Grubasek i Kózka czyli powtórka z Prowansji - część 1


Aby właściwie opowiedzieć tę historię, muszę się cofnąć w czasie o kilka lat. Miłość jest piękna ale nie jak odbija facetowi po czterdziestce. Właśnie w takim wieku mój przyjaciel Hilmar dostał udaru i postanowił się ożenić. No i jak każdy neofita nie znał umiaru. Ponieważ wybranka mieszkała w Berlinie a my w Stuttgarcie więc latał w te i we w te a jak nie latał to gadał godzinami przez telefon. a posługiwał się przy tym językiem pięciolatka gdzie każdy wyraz był zdrobniony...Kiedyś nawet go zapytałem czy koniecznie musi się wyrażać jak niedorozwinięte dziecko ale popatrzył na mnie maślanym wzrokiem i od razu zrozumiałem, że jest w innej galaktyce i nic do niego nie dociera. Swoją drogą, nie wiem o czym można tyle codziennie gadać. W końcu aż tyle się na świecie nie dzieje...
.Przygotowania do ślubu szły pełną parą, powstała nawet strona internetowa...Cieszyłem się, że termin coraz bliżej bo to wszystko było po prostu żenujące. Ślub miał się odbyć w Piatek w Berlinie i kiedy we Wtorek zabrałem się za rezerwowanie biletu, przyszedł SMS....ślub odwołany. Okazało się, że wybranka wybrała innego...Hili wrócił z Berlina i żeby odreagować kupił sobie skuter. Taką 50. Jak to zobaczyłem i się przejechałem to następnego dnia też sobie takiego Bobika sprawiłem. No i tak się moja przygoda z dwoma kółkami zaczeła. Robiliśmy nawet spore wycieczki na tych malcach, czasem nawet po 200 kilometrów. Potem Hili spełnił swoje marzenie i nabył Fat Boy'a. Wspólne wycieczki się skończyły. No ale mnie też Bobik przestał wystarczać więc zrobiłem prawo jazdy na motor  i kupiłem TransAlpa. Czas jednak nie stoi w miejscu. W życiu mojego przyjaciela pojawiła się nowa ajlawju  więc nadal nici ze wspólnych wycieczek. Teraz na urlopy lata samolotem a jak do Francji to samochodem i hotele bo Madame jest za delikatna na kemping. Skutek jest taki, że w tym roku  zrobiłem do tej pory 13 tysiecy kilometrów a Hili tysiąc ( daje to się niestety odczuć ale o tym pózniej ). Latem przy grillu  wspomniałem, że mam we Wrześniu tydzień wolnego i, że się wybieram do Toskanii. Hili nic nie mówił ale widać było, że zazdrości. Zauważyła to też i jego ajlawju i zapytała : a może byście tak razem pojechali ? Obydwaj zaniemówiliśmy chociaż zapewne każdy z innego powodu. Hili, że dostał wolne a ja.....przyjaciel przyjacielem ale ja lubie jeżdzić sam ....Ponieważ Hili nie chciał do Włoch zaproponowałem Prowansję. Co prawda dopiero co z niej wróciłem ale Prowansja a właściwie Vaucluse sa tak piekne, że z chęcia powtórzę trasę. Po wielu tygodniach oczekiwania nadchodzi D-Day. Wypijam poranną kawę i przed dziewątą melduje sie u mojego przyjaciela. Krótkie gadu - gadu i ruszamy w drogę. Ten odcinek to powtórka 1:1 mojej trasy z czerwca. Pierwszy postój na kempingu w Quingey.
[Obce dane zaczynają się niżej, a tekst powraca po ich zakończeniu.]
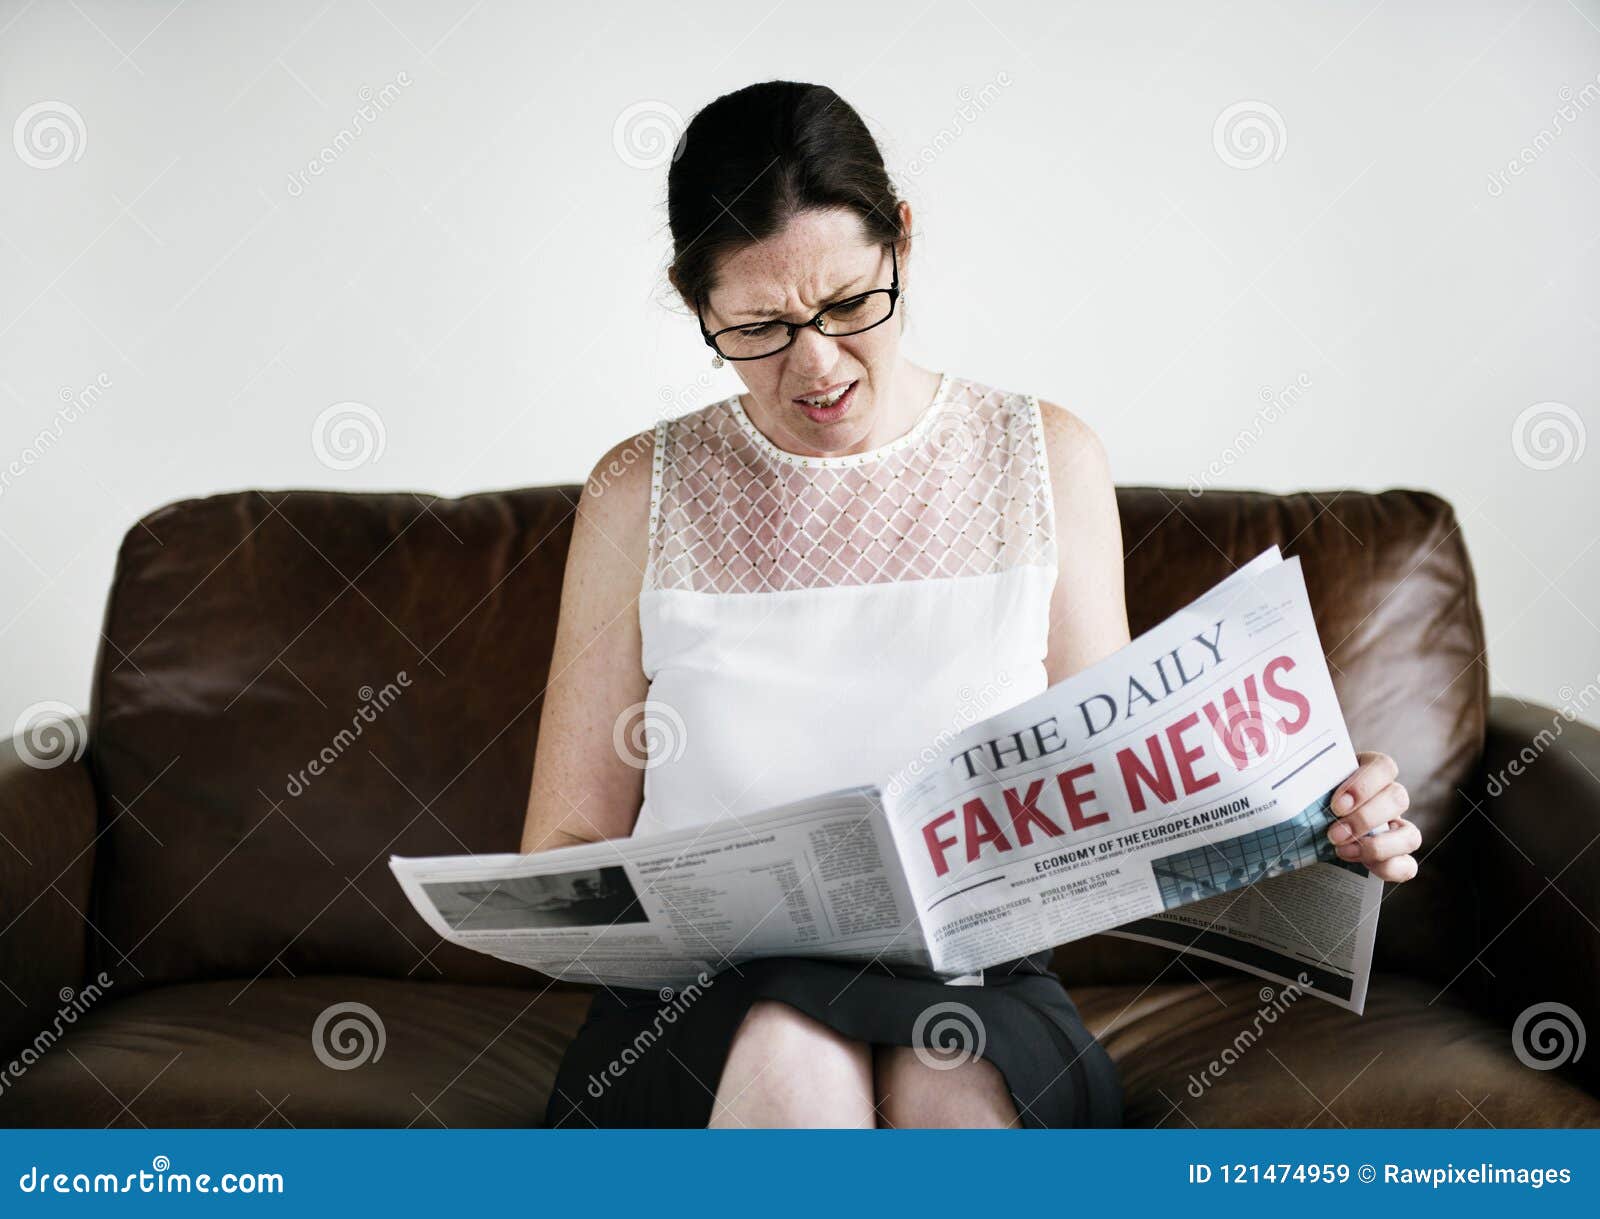 a woman reading fake news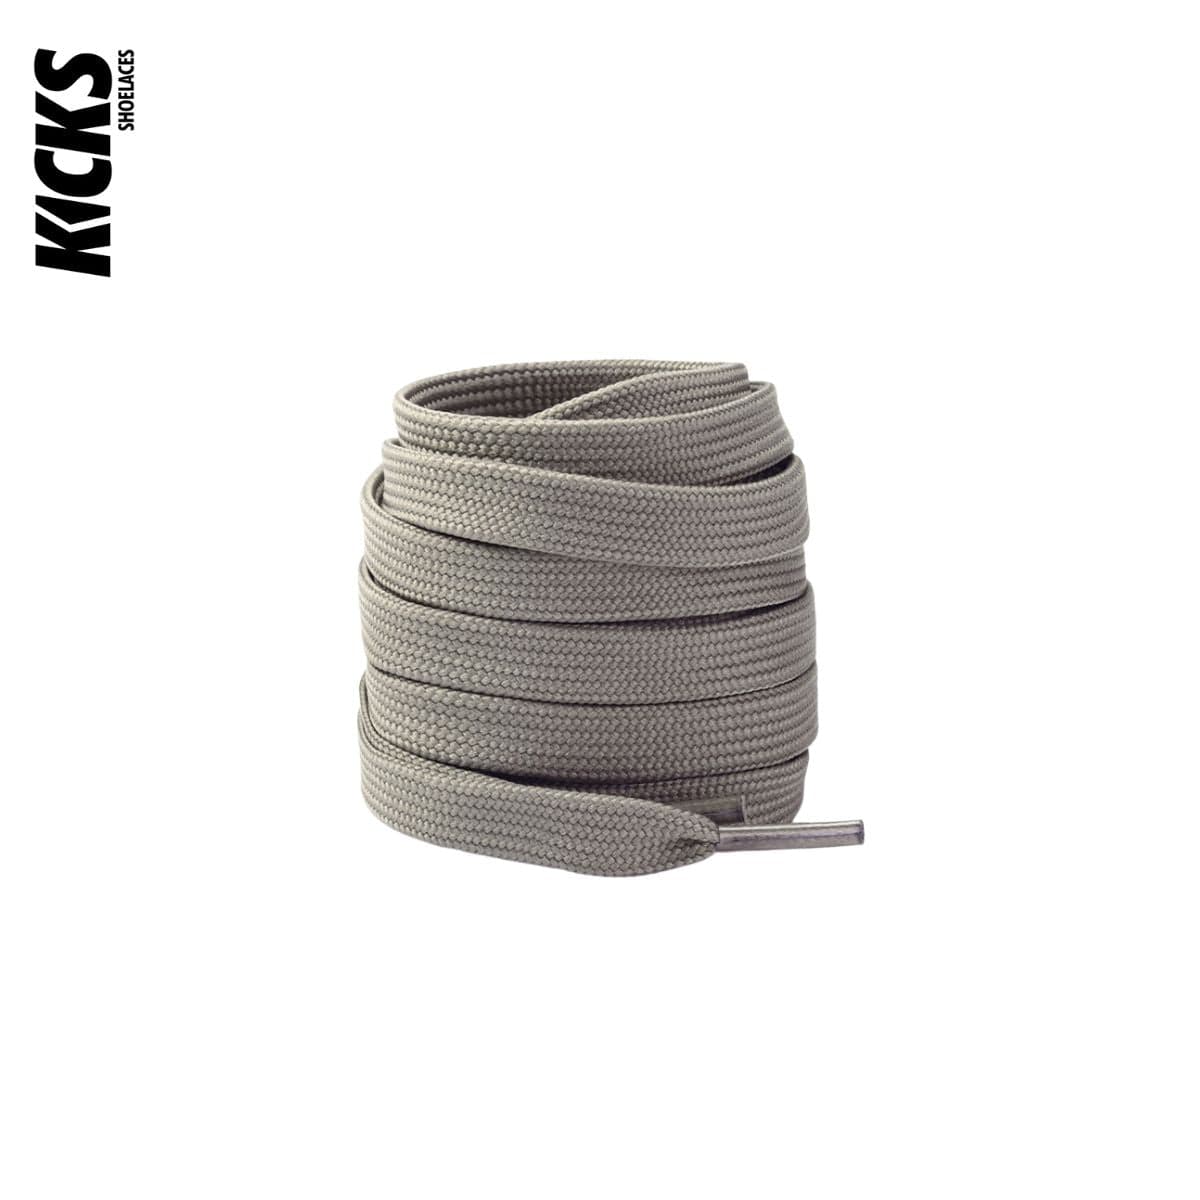 Bone Nike Dunks Shoelace Replacements - Kicks Shoelaces

Kaczki nadal okupuja okolicę ale tym razem nie wpadły na śniadanie...Robię kawę po turecku ( zabrałem nawet ze soba kardamon ) i ruszamy w drogę. W czerwcu miałem przed sobą cztery tygodnie urlopu, teraz tylko dziesięć dni więc postanowiliśmy przeskoczyć  z Quingey do Apt jednego dnia a to oznacza autostradę. Po drodze jeszcze bagietki i kawa


i następne kilka godzin spędzamy na  autostradzie. W sumie pierwszy raz jechałem we Francji autostradą i jeżeli ktoś naprawdę nie musi to szczerze odradzam. Motor kosztuje co prawda grosze, cały przelot kosztował coś koło 20 Euro ale ponieważ we Francji wszelkie TIR'y w tranzycie mają nakaz jazdy po autostradzie ruch jest spory. W porównaniu do tego, 800 kilometrów w obie strony na ITT po autostradach w Niemczech to był pełen relaks. W końcu gdzieś koło siódmej docieramy do Apt. Po drodze  jakieś szybkie zakupy na kolację ale bagietki już się nie mieszczą


W końcu docieramy na kemping Les Cedres w Apt. I tu wielka niespodzianka. Kemping jest pełen. Camper koło campera. Tego się zupełnie nie spodziewałem. W czerwcu miejsca było sporo a tu połowa września nie ma gdzie szpilki wcisnąć. Witamy się serdecznie z Pierrem, który prowadzi ten cyrk no i oczywiście dla mnie coś się znajdzie. No i znalazlo sie pomiedzy kempingowozem, murem i wieszakiem.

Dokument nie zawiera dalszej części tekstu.